I haven't worked outside the home since before marriage since Ron and I agreed that making a home and being frugal was what we both wanted. Thus I have no marketable skills per se, and with Lupus and the past two operations and one coming up, I wont be work mode for months as it is. I am 58.

So any counsel or prayers anyone cares to offer me I thank you in advance. You may also e-mail me off list if you prefer.

~ Beth
[email protected]


----------



## Gregg (Apr 11, 2004)

[quote:6d09e77eae][i:6d09e77eae]Originally posted by Beth[/i:6d09e77eae]
I have a Biblical question as it relates to widows.

Since my husband died I have been trying to know what I should do with my life. First off, are there any other widow/widowers who post on the Puritan Board? 

I need feedback. Everything I read says don't make any hasty moves for a year. Yet, I know I need to be closer to a OPC fellowship and the nearest one is down south of me 40+ miles (Chalcedon). I have been considering contacting them to ask for prayer on this. 

My 'problem' which I know God can deal with is, my husband had been on Social Security disability since being left disabled by a drunk driver in '89 just before Christmas. And I became his willing and happy caregiver from then on. Alas, the drunk driver had no insurance so our financial situation became dire. We did win a hefty settlement in court and I have finally sought legal help in seeing if 15 years later the man and his wife have any assets I can tap into.
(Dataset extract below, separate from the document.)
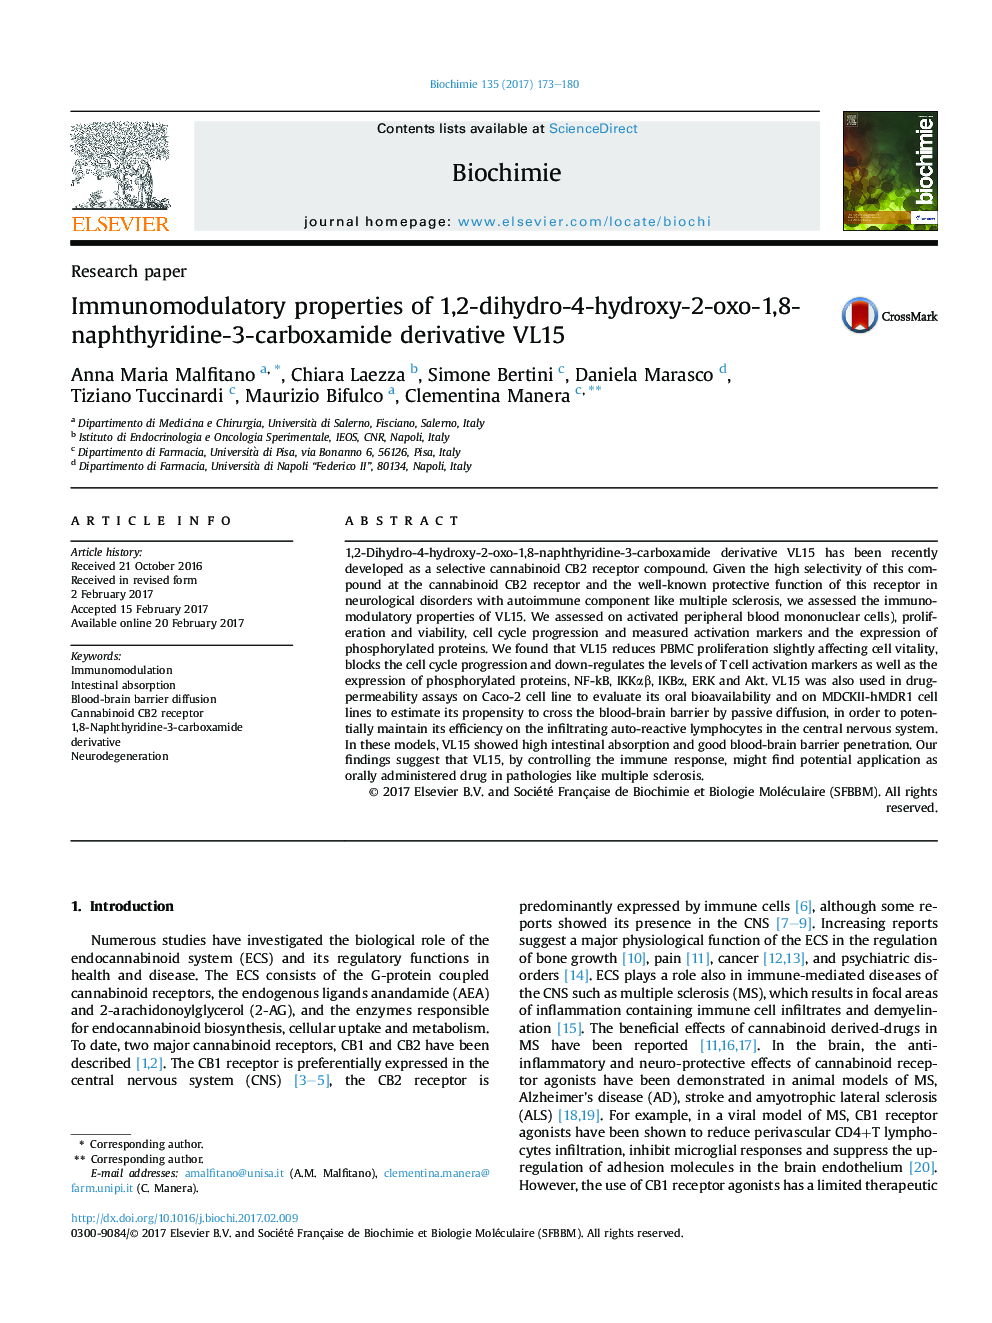 Research paperImmunomodulatory properties of 1,2-dihydro-4-hydroxy-2-oxo-1,8-naphthyridine-3-carboxamide derivative VL15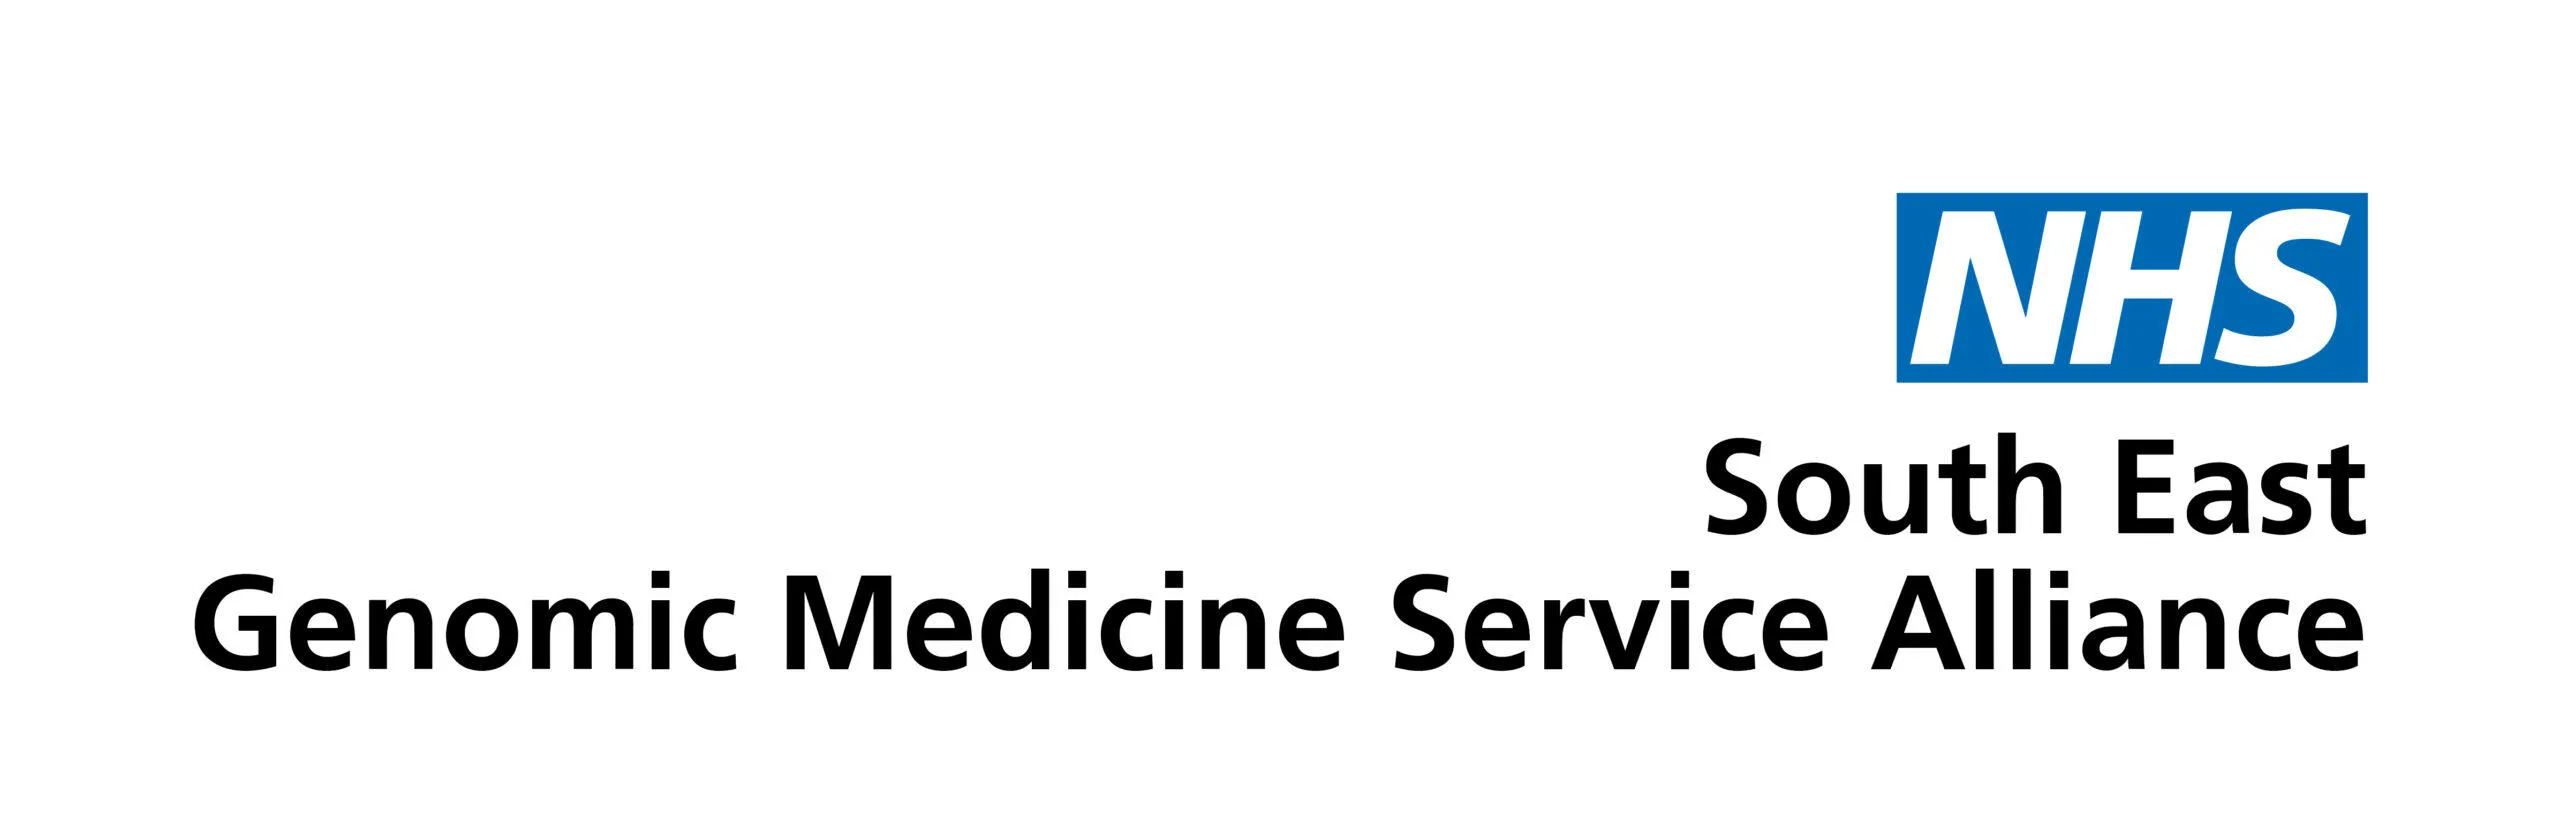 NHS South East Genomic Medicine Service Alliances (GMSA) logo

I am not greedy, simply in need of some sound financial footing.

I haven't worked outside the home since before marriage since Ron and I agreed that making a home and being frugal was what we both wanted. Thus I have no marketable skills per se, and with Lupus and the past two operations and one coming up, I wont be work mode for months as it is. I am 58.

So any counsel or prayers anyone cares to offer me I thank you in advance. You may also e-mail me off list if you prefer.

~ Beth
[email protected] [/quote:6d09e77eae]
_________________________________

Reply...

I've been a widower since age 31

It is hard to give financial advice because everybodies needs are different. The best thing you can do is to live within your means and not make any hasty decisions as far as major expenses and moves are concerned. Be a wise and careful steward of what resources you do have, as well as the home you have been given to live in.

As far as moving is concerned... This is a decision that should be thought out very carefully depending on your ability to maintain the home on your own as well as its financial obligations.

You might also want to visit the OPC church for several months or more and decide if it is the church you are looking for before deciding to relocate closer.

There are probably many companies that would be willing to hire you. Many retail companies need people to work.



[Edited on 4-11-2004 by Gregg]


----------



## default (Apr 11, 2004)

Beth,

I'm sorry about the loss of your husband, but know Christ is our husband and will comfort you through this! Be blessed with the years you had to gether and if he is a Christian we all rejoice with him at his homecoming to the Father!

Christ is also our Jehovah Jirah, our provider! 

I'll be praying for you!

God be with you!

Lori


----------



## Doodle Bug (Apr 11, 2004)

Titus 2 says older women are to teah the younger. I don't know about where you are, but this is largely igored in our churches here. Perhaps you could begin a ministry?

You know what else would be a great ministry? Reusing resources- The Pres church I woek at throws all sorts of reusable things away. A few weeks ago they threw away 10,000 envelopes. If there were a ministry to take in things churches don't need/want and give them to ministries who can use them. I think it would be a great way to be - I'm looking for a word but can't find it- to be good with the resources God has given rather than just throwing things away.

Becky


----------